Setelah kematian Unkei, anaknya meneruskan karya ayahnya, tetapi pada dekade terakhir abad ke-13, karya mereka sudah lazim dipakai. Murid Kaikei berusaha untuk mengabadikan style-nya, tetapi sebagian besar dari seni pahat yang dihasilkan kehilangan nilai agama dari karya gurunya. Dampak dari style Song dapat dilihat di Kamakura yang mengarah ke China yang menggambarkan tentang Sekte Zen; dibawah pengaruh Budha Zen, tipe baru dari gambar dikenal sebagai chinsō, diperkenalkan. Pada image ini, yang mengingatkan pada pelajaran yang diberikan oleh guru pada muridnya, bentuknya secara umum biasanya duduk di kursi dengan kaki dilipat dibawahnya. Bentuknya telah distandarkan, namun seni pahat mendapatkan perhatian besar pada bentuk fisiknya.


V.   Perkembangan Seni Pahat Selanjutnya
 Seni pahat pada periode Muromachi, Momoyama dan Tokugawa melakukan sedikit banyak peniruan pada style awalnya, dan hasil karyanya mempunyai sedikit originalitas. Hanya pada sebagian kecil pekerjaan dari pemahat yang memahat bagian dari religius menunjukkan beberapa perkembangan diantaranya: Enkū (?-1695) yang melakukan perjalanan ke seluruh Jepang menghasilkan kuantitas image. Para pemahat profesional secara berkesinambungan membuat dekorasi secara arsitektural.
Pada saat Jepang melakukan politik terbuka kepada negara barat selama periode Meiji pola-pola pahatan lama dihapuskan dan pemahat tradisional dipaksa untuk memahat netsuke dan memahat pada gading untuk bertahan hidup. Lainnya, seperti Takamura Kōun (1852-1934), yang secara sukses mengombinasikan realisme Barat dengan budaya tradisional. Untuk perbandingan dengan seni lukis, bagaimanapun, ideologi seni pahat Barat tidak berkembang selama periode Meiji, sejak seni pahat para pemahat tidak menunjukkan karya seni yang tinggi. Beberapa dari karya-karya pertama yang dihasilkan dengan style Barat adalah sebagian image publik pada perunggu dari kultural pahlawan-pahlawan Jepang yang penting untuk pemerintahan Meiji. Kebudayaan itu berlangsung selama tahun 1950-an bahwa pemahat Jepang dapat mengasimilasi tradisi-tradisi Barat dan menransformasikan melalui pilihan-pilihan estetika yang mereka lihat sebagai akar budaya mereka dimasa lalu.


VI.   Kesimpulan
 Dari studi literatur yang dilakukan, didapatkan kesimpulan bahwa seni pahat Jepang adalah sebuah tradisi untuk melakukan perlindungan terhadap diri sendiri.
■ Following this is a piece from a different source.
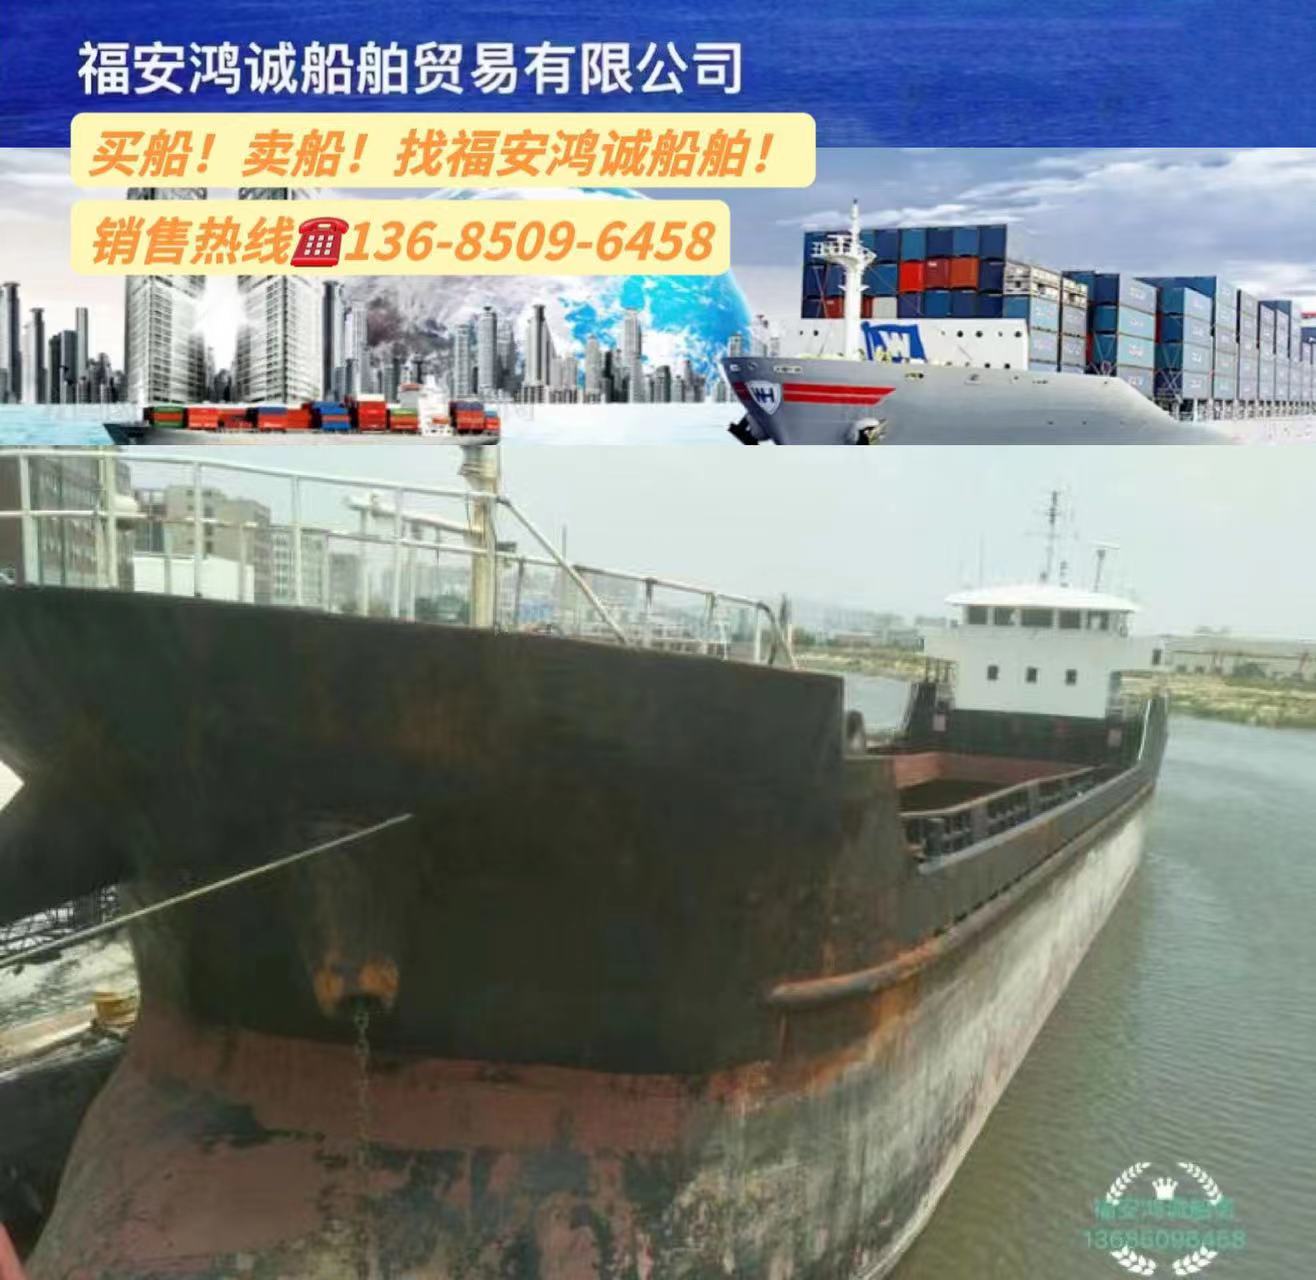 出售实载1350吨干货船： 通舱结构 2011年8月安徽建造/

Hal ini dapat dilihat pada bentuk seni pahat pertama kali yang disebut sebagai dogū yang di-image­-kan sebagai bentuk wanita yang diharapkan dogū yang berfungsi sebagai jimat tersebut dapat melindungi seseorang dari bahaya seperti perlindungan yang diberikan oleh seorang ibu.
Pada perkembangannya seni pahat Jepang mengalami asimilasi dengan budaya Barat dan mengalami perkembangan berdasarkan media yang gunakan mulai dari kayu, gading, dan perunggu. Namun, asimilasi dengan budaya Barat tidak dapat menghilangkan kebudayaan Jepang yang selalu mengandung estetika dalam pembuatannya sehingga pembuatan seni pahat dengan budaya Jepang dapat dipertahankan hingga saat ini.